- [Entries shown]:
------------------------------------------------------------
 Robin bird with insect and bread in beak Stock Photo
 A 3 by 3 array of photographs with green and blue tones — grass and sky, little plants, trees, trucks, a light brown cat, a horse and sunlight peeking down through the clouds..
------------------------------------------------------------
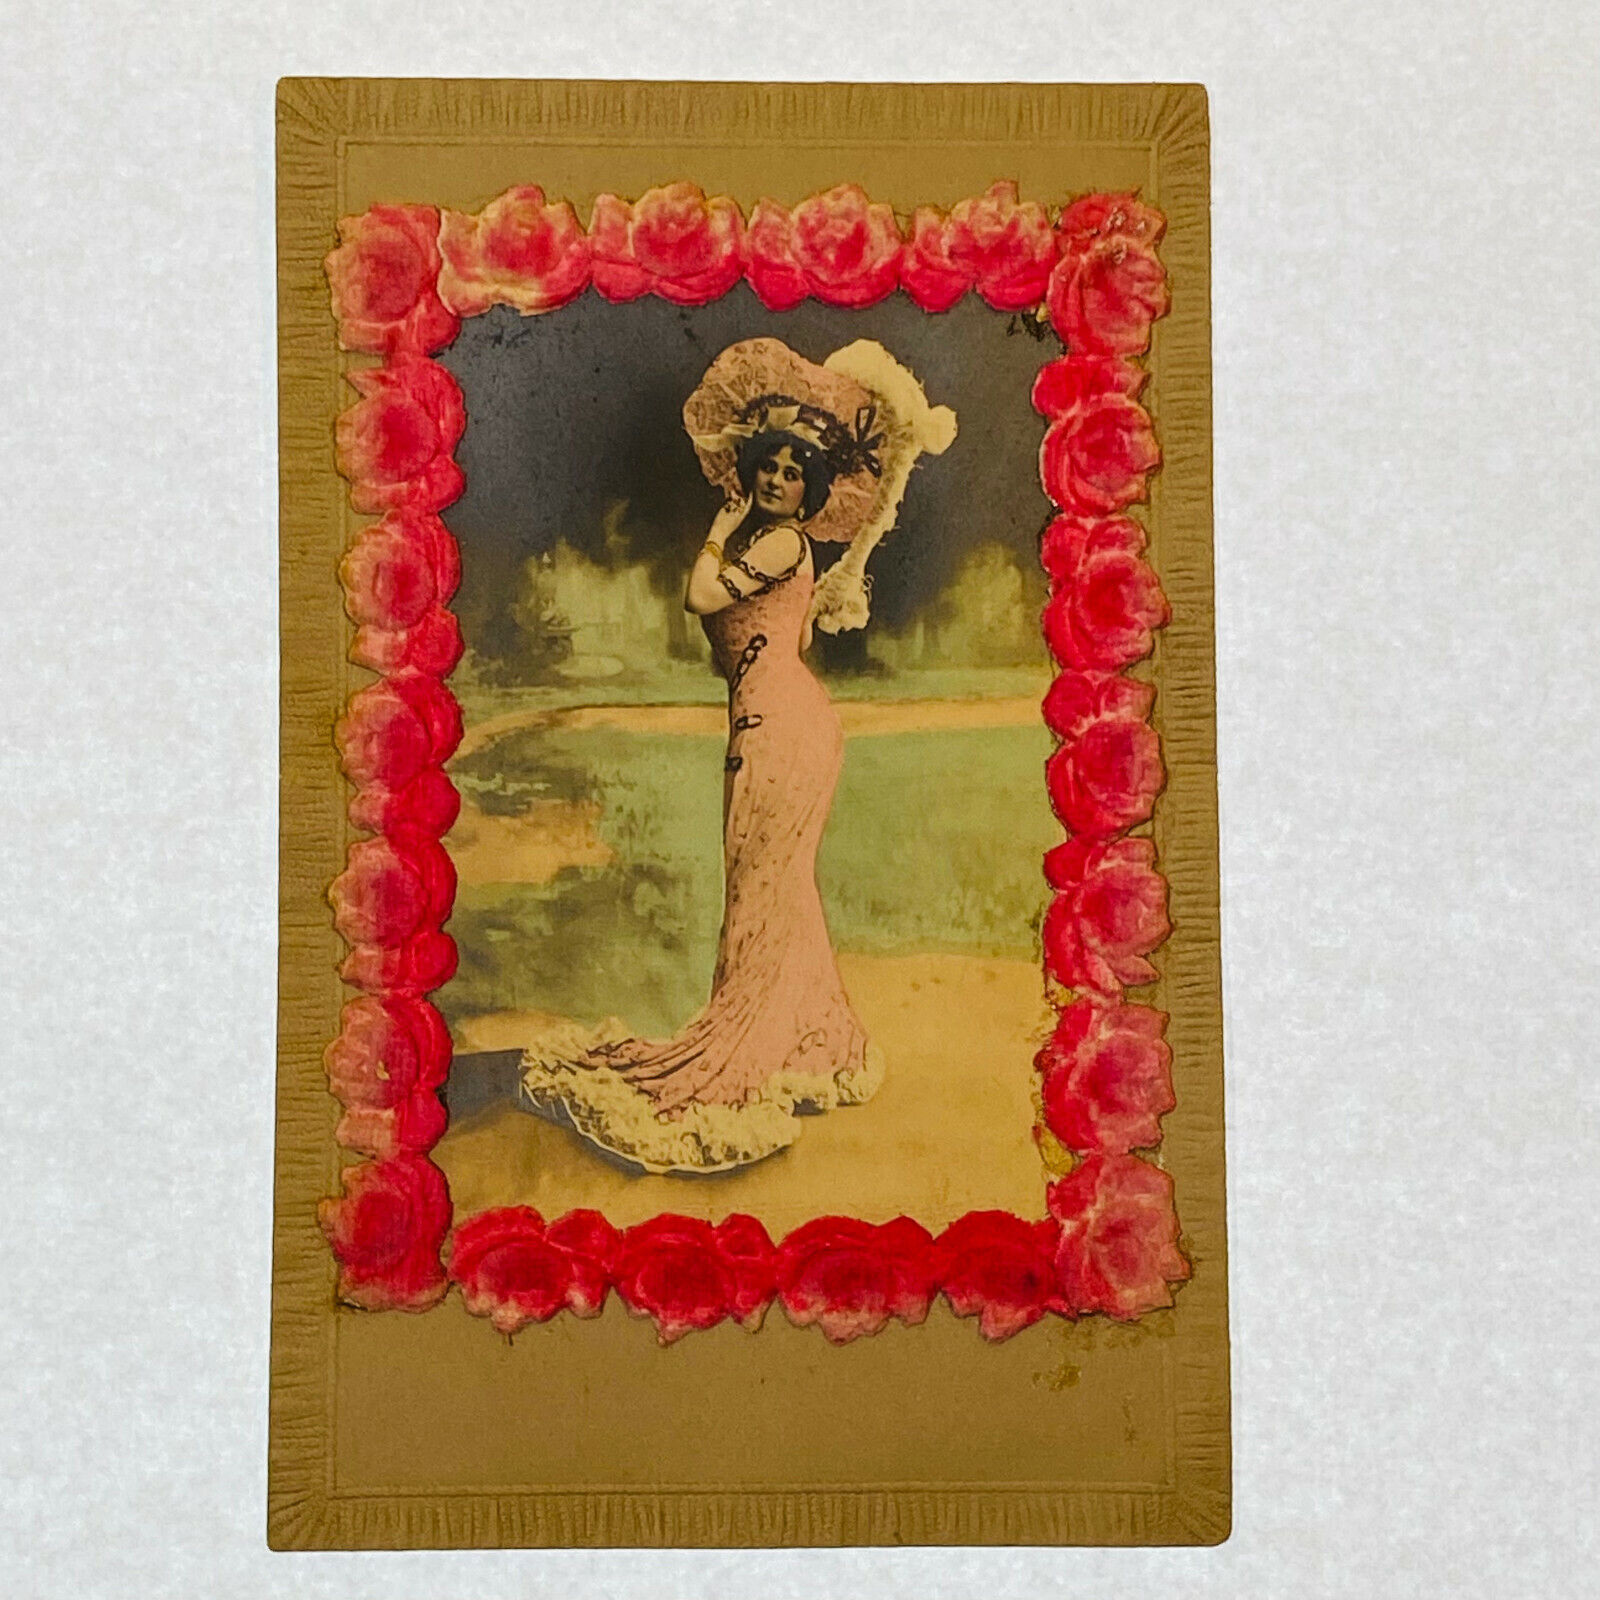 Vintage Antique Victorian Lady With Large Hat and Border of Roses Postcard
------------------------------------------------------------
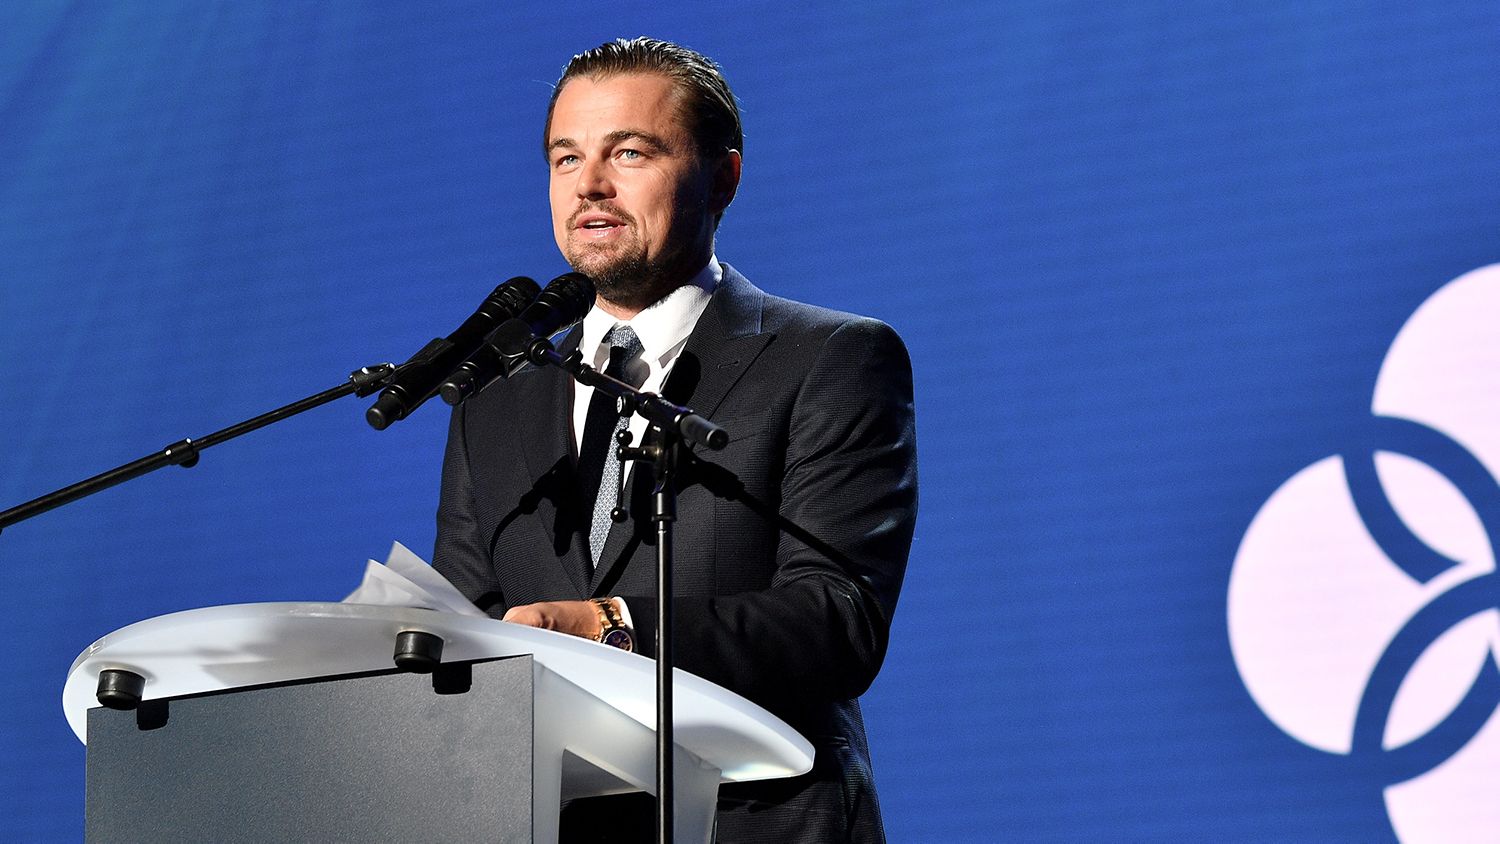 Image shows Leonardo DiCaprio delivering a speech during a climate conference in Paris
------------------------------------------------------------
- [Instructions for the task]: Would you copy, unchanged, the stretch of the records above that begins at the line containing "Robin bird with" and ends at the line containing "A 3 by 3 array", and only that?

- [Solution to this problem]:
 Robin bird with insect and bread in beak Stock Photo
 A 3 by 3 array of photographs with green and blue tones — grass and sky, little plants, trees, trucks, a light brown cat, a horse and sunlight peeking down through the clouds..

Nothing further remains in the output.